Writes aren't always atomic. 写入并不总是原子的。 You must either use atomic data types or provide some synchronization (RCU, locks etc.). 您必须使用原子数据类型或提供一些同步（RCU，锁等）。 No shared data is thread-safe per se. 没有共享数据本身就是线程安全的。 Or make this go away by sticking to lock-free algorithms (that is, where possible and feasible). 或者通过坚持使用无锁算法来消除这种情况（也就是说，在可行和可行的情况下）。
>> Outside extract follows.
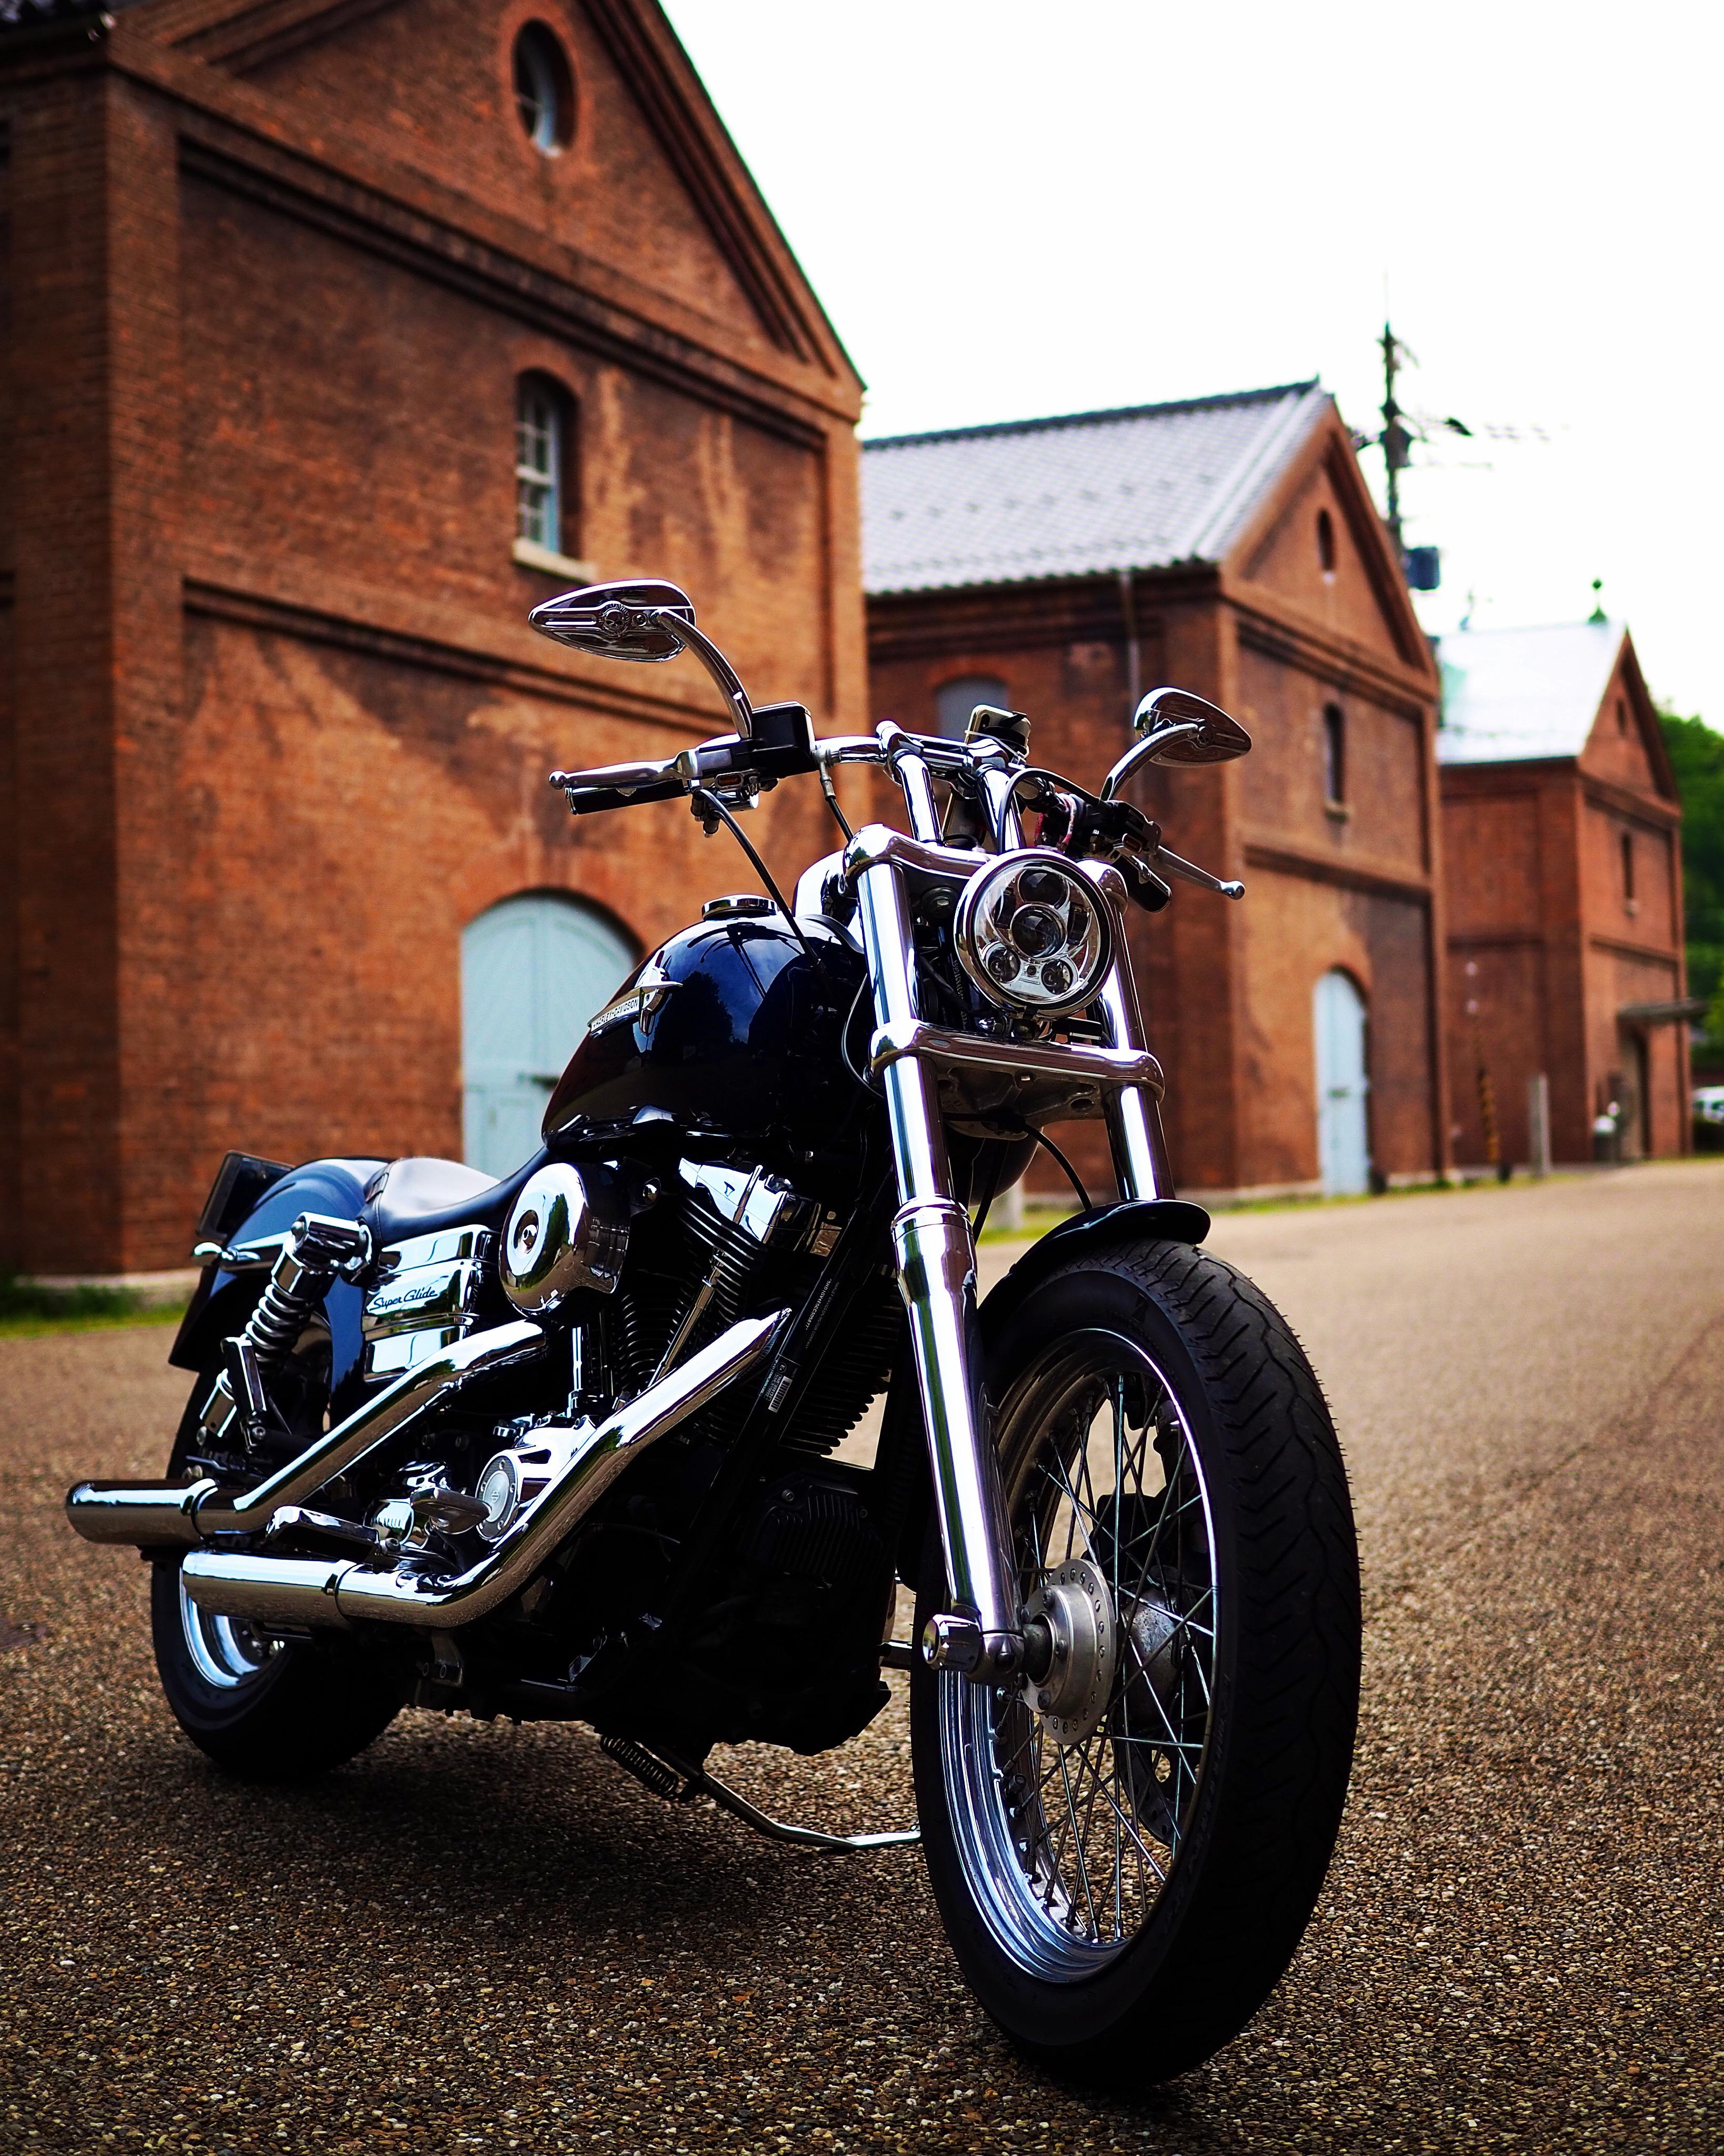 舞鶴ツーリング 舞鶴赤レンガパーク レトロ ハーレー バイク

As long as the cost for acquiring and releasing a lock is less than the cost for recreating the object (from a file or database or whatever) all accesses to a cache should indeed be synchronized. 只要获取和释放锁的成本小于（从文件或数据库等）重新创建对象的成本，对缓存的所有访问的确应该同步。 If it's not you don't really need a cache at all. 如果不是，那么您根本就不需要缓存。 :) :)

If you want to avoid data corruption, you must synchronize. 如果要避免数据损坏，则必须进行同步。 This is especially true when the cache contains multiple tables that must be updated atomically. 当高速缓存包含必须原子更新的多个表时，尤其如此。 Imagine you have a database for a DMV (department of motor vehicles). 假设您有一个DMV（机动车部门）的数据库。 You add a new person to the database, that person will have records for auto registrations plus records for tickets received for records for home address and perhaps other contact information. 您将一个新人员添加到数据库中，该人员将具有自动注册记录以及收到的用于家庭地址记录以及其他联系信息的票证记录。 If you don't update these tables atomically -- in the database and in the cache -- then any client pulling data out of the cache may get inconsistent data. 如果不以原子方式（在数据库和缓存中）更新这些表，则任何从缓存中拉出数据的客户端都可能会获得不一致的数据。

Yes, any one piece of data may be constant, but databases very commonly hold data that -- if not updated together and atomically -- can cause database clients to get incorrect or incomplete or inconsistent results. 是的，任何一条数据都可能是恒定的，但是数据库通常保存的数据（如果不一起进行原子更新）会导致数据库客户端获得不正确或不完整或不一致的结果。

If you are using Java 5 or above you can use a ConcurrentHashMap. 如果您使用的是Java 5或更高版本，则可以使用ConcurrentHashMap。 This supports multiple readers and writers in a threadsafe manner. 这以线程安全的方式支持多个读取器和写入器。